Enfin, désormais contesté au sein même de LFI, il sait aussi qu’à son âge il ne sera jamais au pouvoir. D’ailleurs, il a récemment implicitement annoncé qu’il ne serait pas candidat en 2027.

Alors, il pratique la fuite en avant et ses troupes embrayent. Mathilde Panot, présidente du groupe LFI à l’Assemblée, a déclaré à propos du futur débat sur la réforme des retraites qu’il « fallait transformer l’Assemblée en ZAD, zone à défendre ». En d’autres termes, faire de l’obstruction et empêcher tout débat.

Un bon mot qui en dit long sur la dérive populiste car une ZAD est une zone de non-droit, un territoire occupé par des militants opposés à un projet de construction et d’aménagement et déterminés par tous les moyens, y compris illégaux, à empêcher le développement d’un projet dument voté par des autorités légitimes.

Mathilde Panot veut donc transformer l’Assemblée en Notre Dame des Landes, la référence absolue dans le genre. Et pour faire bonne mesure, satisfaite de sa sortie, elle a déclaré lors d’un meeting, avec tous les autres leaders de la gauche (PS, Verts, PC) à ses côtés, qu’au-delà de l’Assemblée, « c’est la France qu’il faut transformer en ZAD ».

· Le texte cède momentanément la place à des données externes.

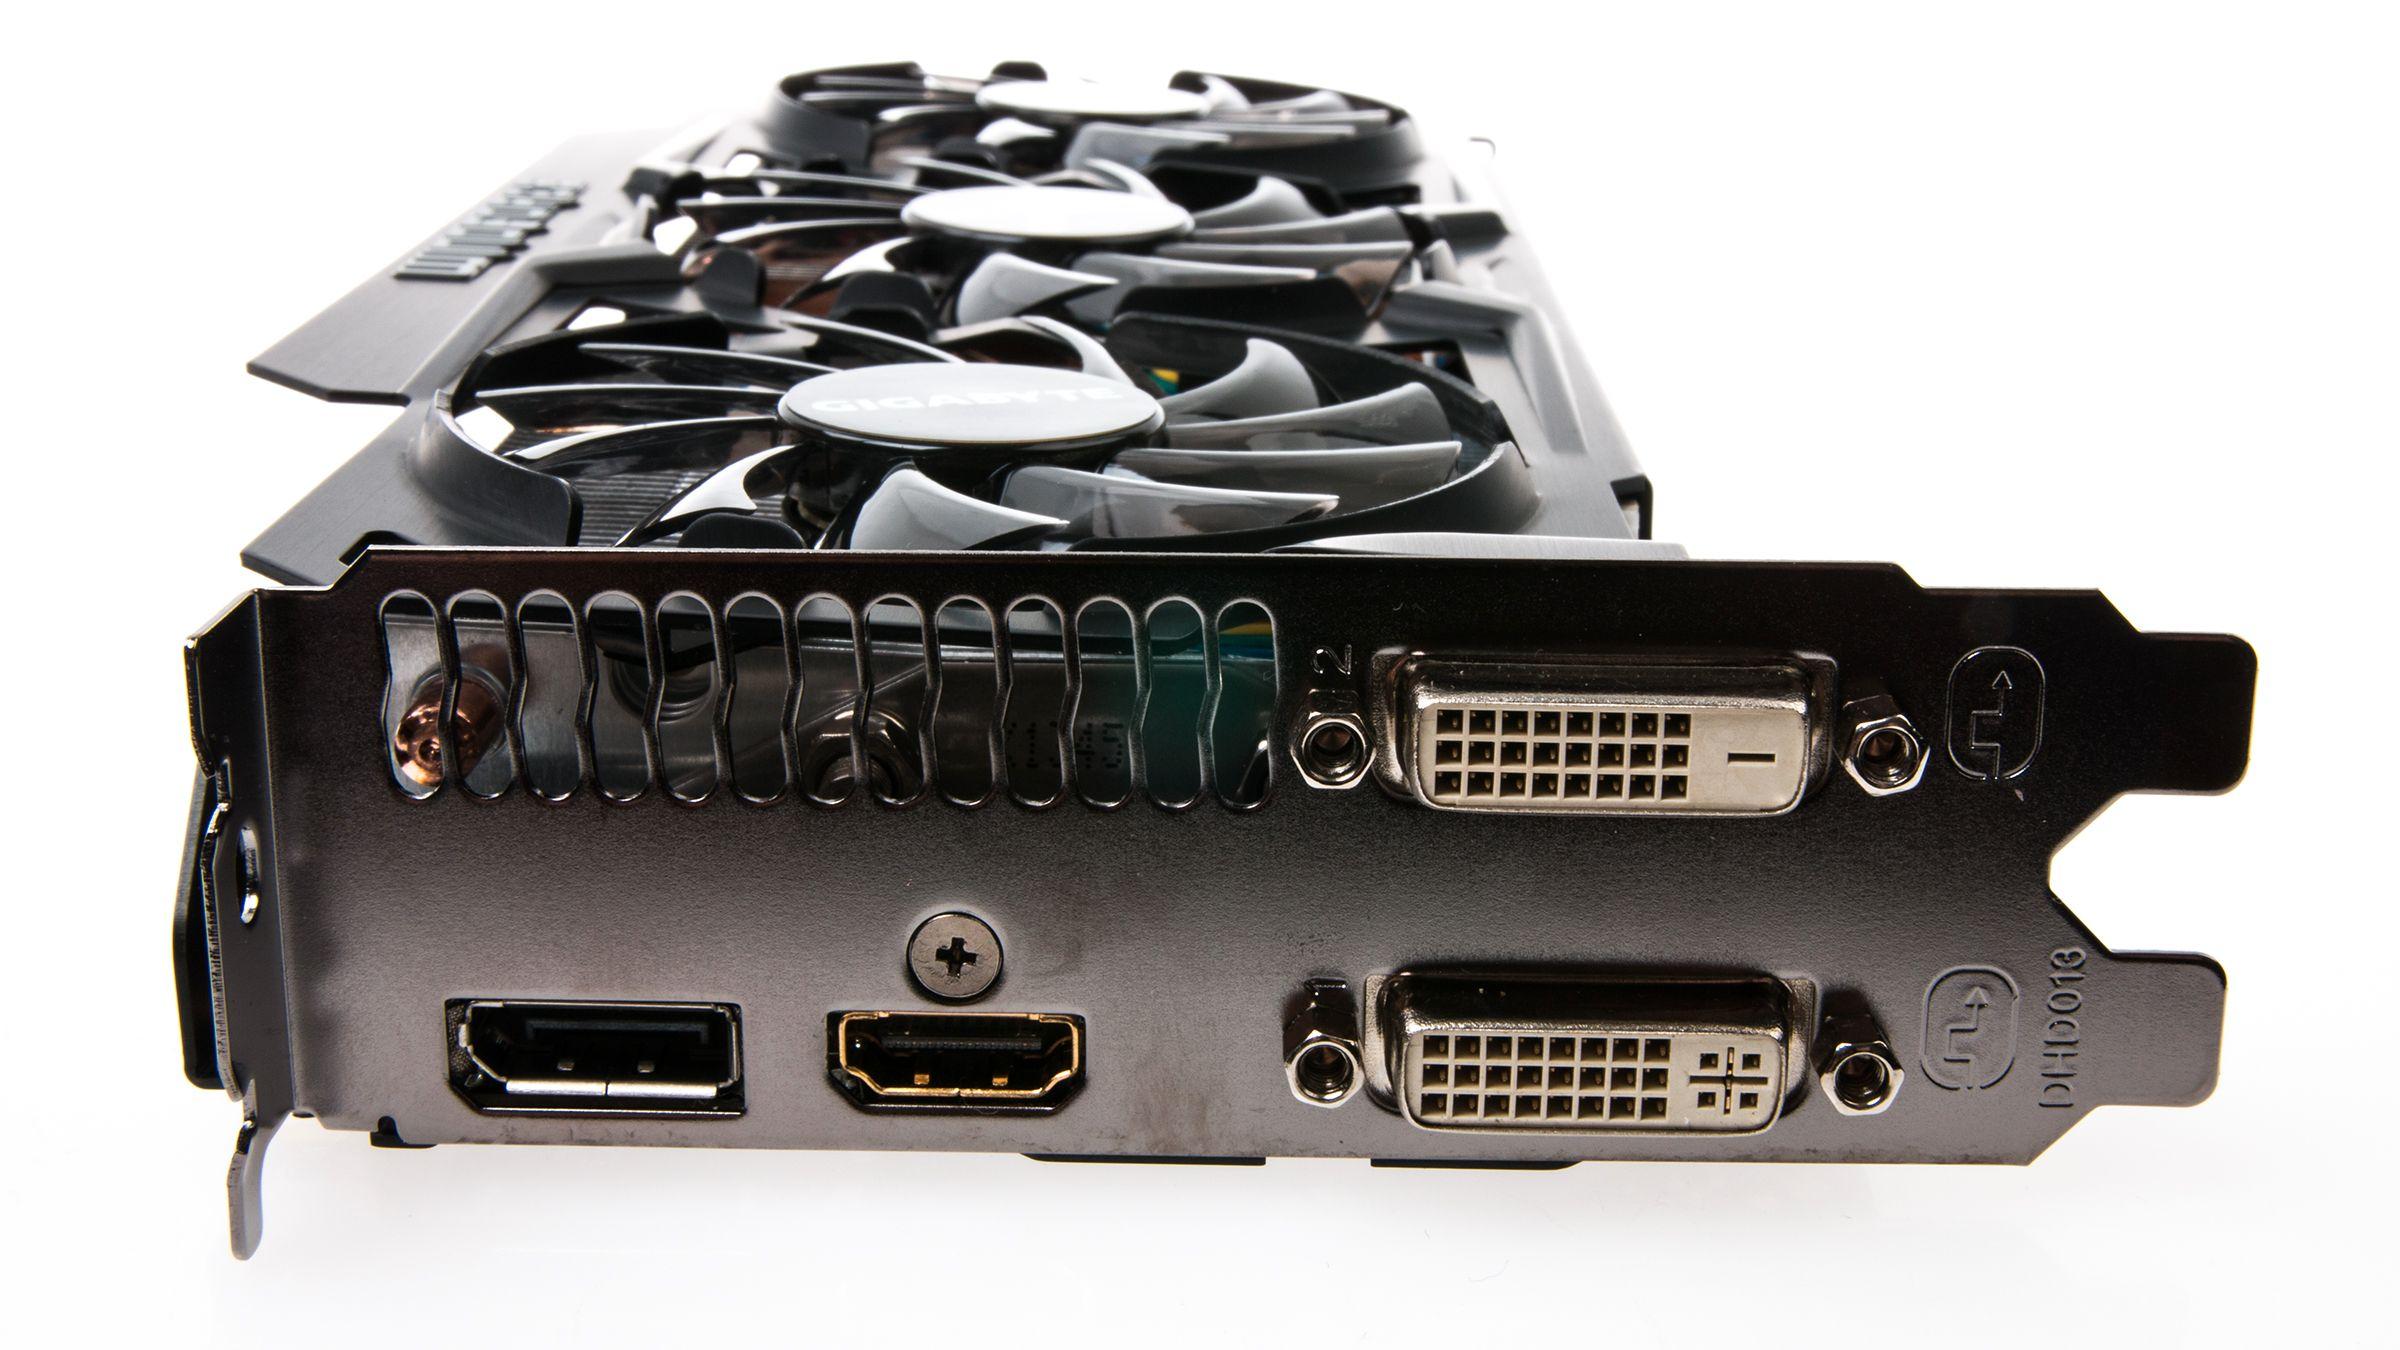 Gigabyte GeForce GTX 780 Ti GHz Edition kommer med både DVI, DisplayPort og HDMI-utganger.Foto: Varg Aamo, Hardware.no
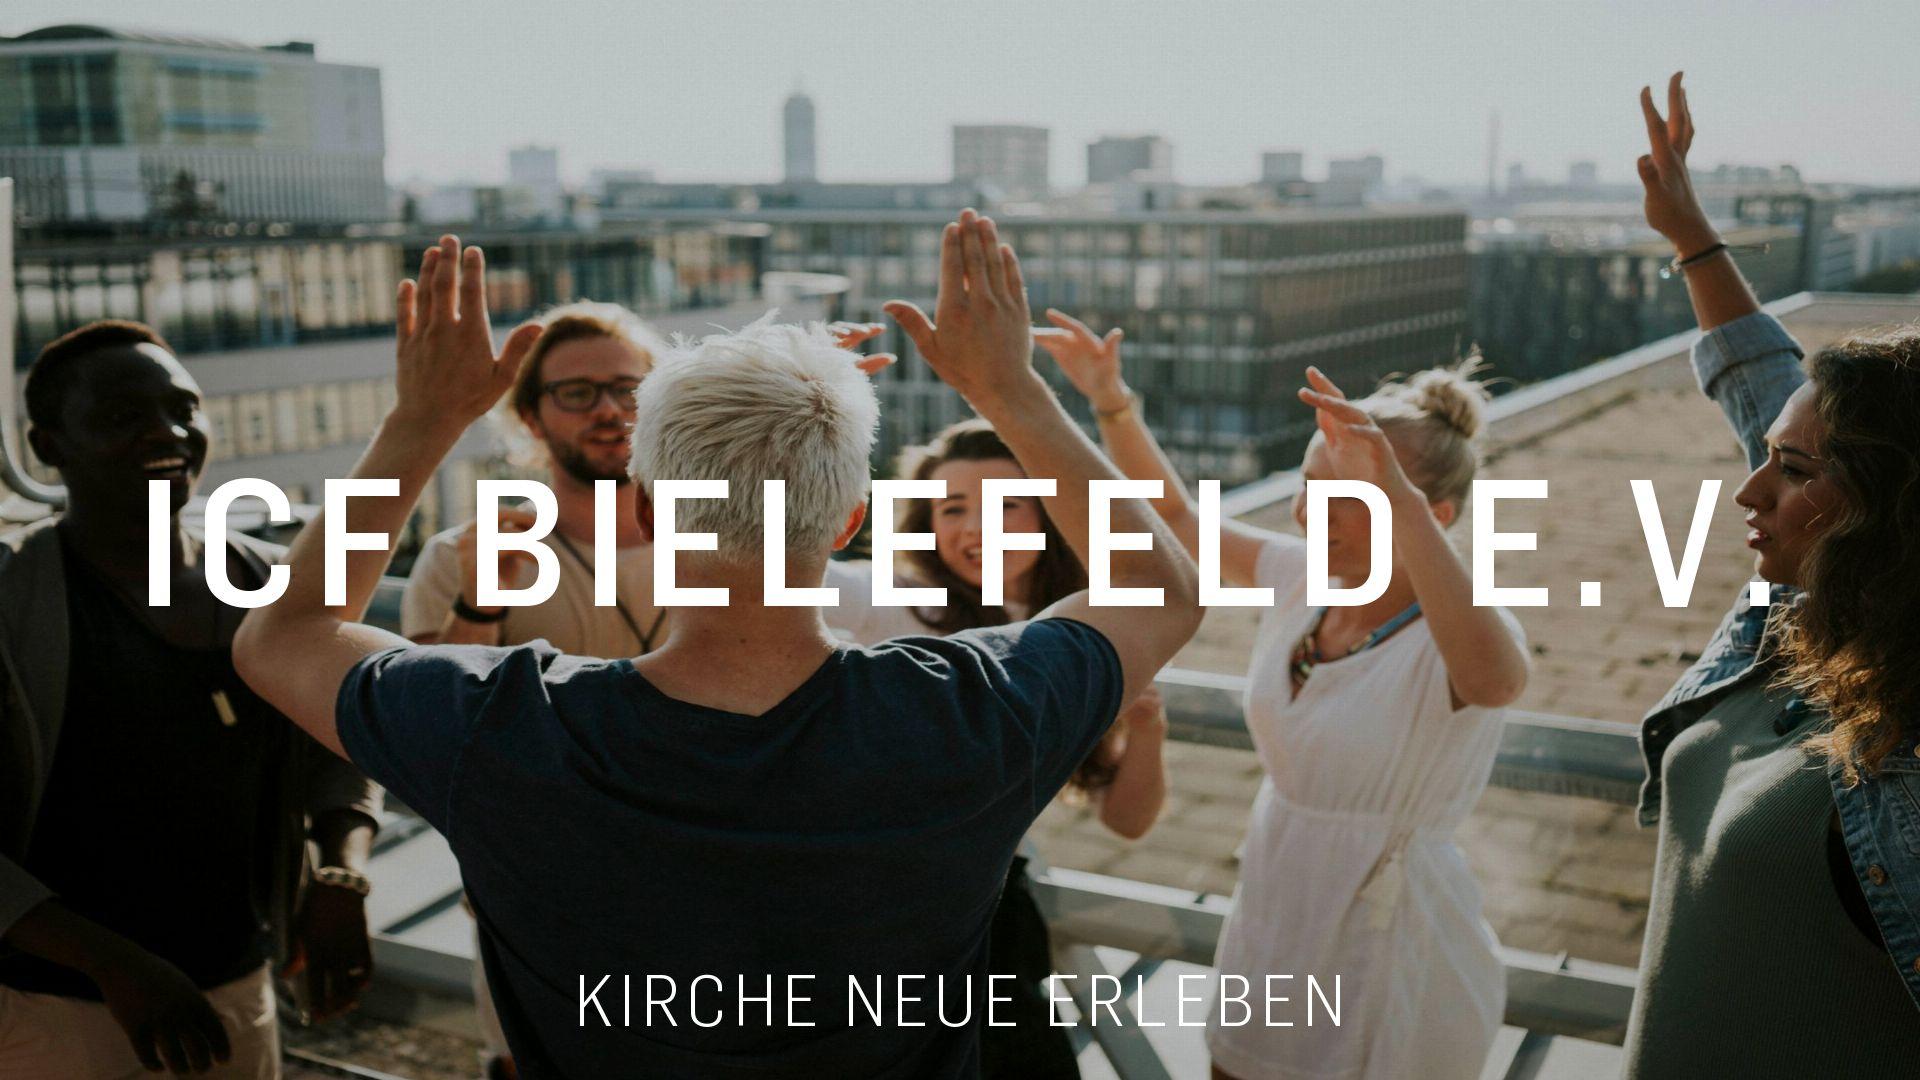 Immobilein Klose vermittelt die neue Location für die ICF Bielefeld e. V.

Quelle sera la prochaine étape ? Une prise de contrôle du Palais Bourbon par des militants à la manière des nervis trumpistes qui ont pris d’assaut le Capitole de Washington le 6 janvier 2021 ou une action sur le modèle des bolsonaristes qui ont saccagé tout à la fois le Parlement et le palais présidentiel à Brasilia le 9 janvier dernier ?

Historiquement, les menaces et les coups de force contre les institutions républicaines émanent de l’extrême-droite. On assiste là à une inversion des rôles à moins que cela illustre la théorie selon laquelle les extrêmes ont vocation à se rejoindre.

Il est consternant de voir que la gauche démocratique – PS, écolo, communiste – se laisse entrainer dans cette dérive qui est un piège mortel pour elle.